1945’te savaşın bitişi kutlamaları sırasında olanlar olur. halk, yeşil-beyaz bayrakları açmış, yaşasın mesâli sloganları atmaktadır. fransızlar da elleri boş duracak değil ya, kalabalığa rastgele ateş etmeye başlamışlardır hedef gözetmeksizin. bunun üzerine yaklaşık 71 tane fransız öldürülmüştür cezayirliler tarafından. olaylar ben badis bölgesine sıçramış, fransızlar burada yaklaşık 45.000 kişiyi öldürmüşlerdir. bu, fransızların yaptığı soykırımın ilk halkasıdır. toplamda 1.500.000 insanı biçmişlerdir fransızlar. toplama kamplarındaki 2 milyondan fazla kişiye sistematik işkenceden bahsetmiyorum bile. toplamda, her 5 cezayirliden birisi öldürülmüş ve her ölmeyen 4 cezayirliden 2’si işkence görmüştür.
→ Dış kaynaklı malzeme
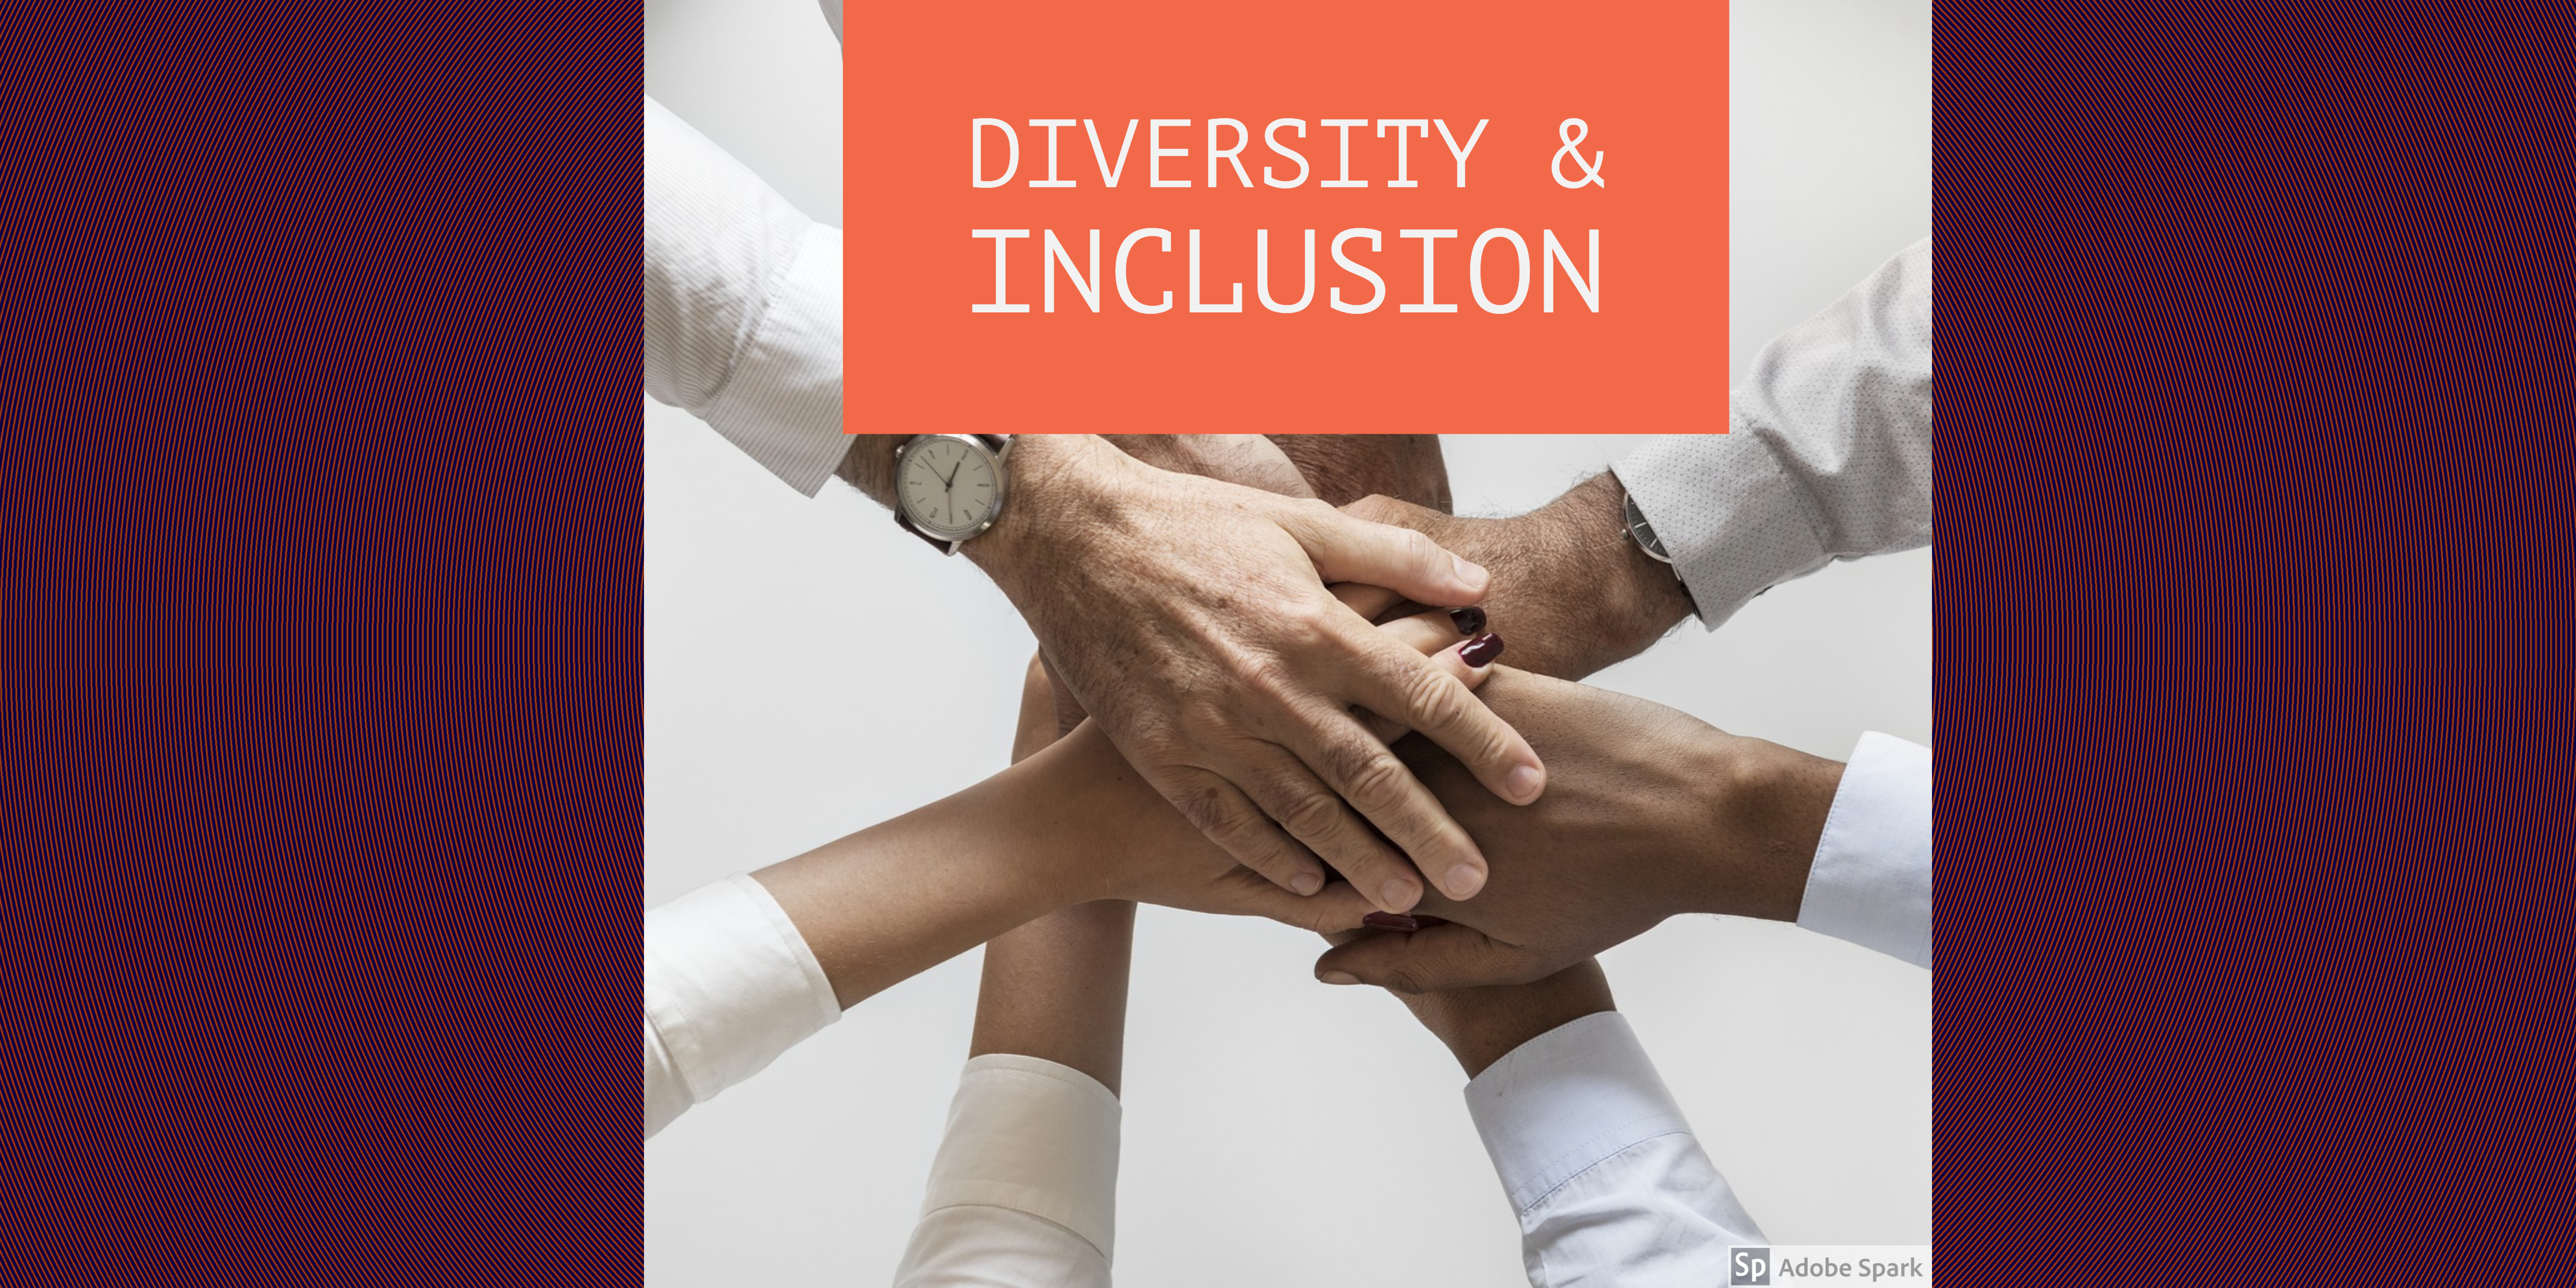 FLF ’18 Featured Session: Diversity & Inclusion

işte, böylesi bir ortamda askerlik görevi ve araştırmalar için gider cezayir’e bourdieu, yıl: 1949 olması lazım. araştırmaları için bizzat cephededir, masa başından nutuk savurmaz. işte bourdieu’yü bir filozof olarak da bir dev / muazzam sosyolog olarak da biricik yapan budur: çok bilenmiş yüreği alanlardadır, bundan asla vazgeçmemiştir. pierre bourdieu, bir derdi olan adamdır. filozofisinin derdi de budur: bir derdi olması. savaş sırasında gördüklerinden epeyce etkilenmiştir. bilhassa kabileler üzerine yaptığı araştırmalarda ulaştığı muazzam parlak sonuçlar filan hepsi derin bir emeğin ürünüdürler.
bir karşılaştırma yaparsak eğer (ki aslında gereksizdir) frankfurt ekolü ve fransız komünist partisi tavla oynayıp nargile içerken bourdieu çölde toz yutmaktadır. onun sol kolunu güçlü yapan şey de bu olsa gerekir: cezayir deneyiminden sonra parıldayan aktivist ruhu. ölene kadar da bu ruhu yaşatmıştır. bize de nasip olsun bir yaşımızı daha bugün idrak ederken, amen :)
peki nedir bu ruh?
işte burada karşımıza çıkan şey, üretebilmektir, ancak bourdieu cephesinden üretimin bir haysiyet meselesi olduğunu da belirtelim. bilhassa, ‘sanatın kuralları’ kitabında kültür endüstrisi ile alakalı olarak, sonrasında aynı kitapta alan ve kanaat ile ilgili satırlarda. bu, sadece yazıyla satılan bir ahlak ticareti ve erdem pazarlamacılığı değildir. neden? çünkü bourdieu’nün yaşamının kendisi bizatihi bunun kanıtıdır.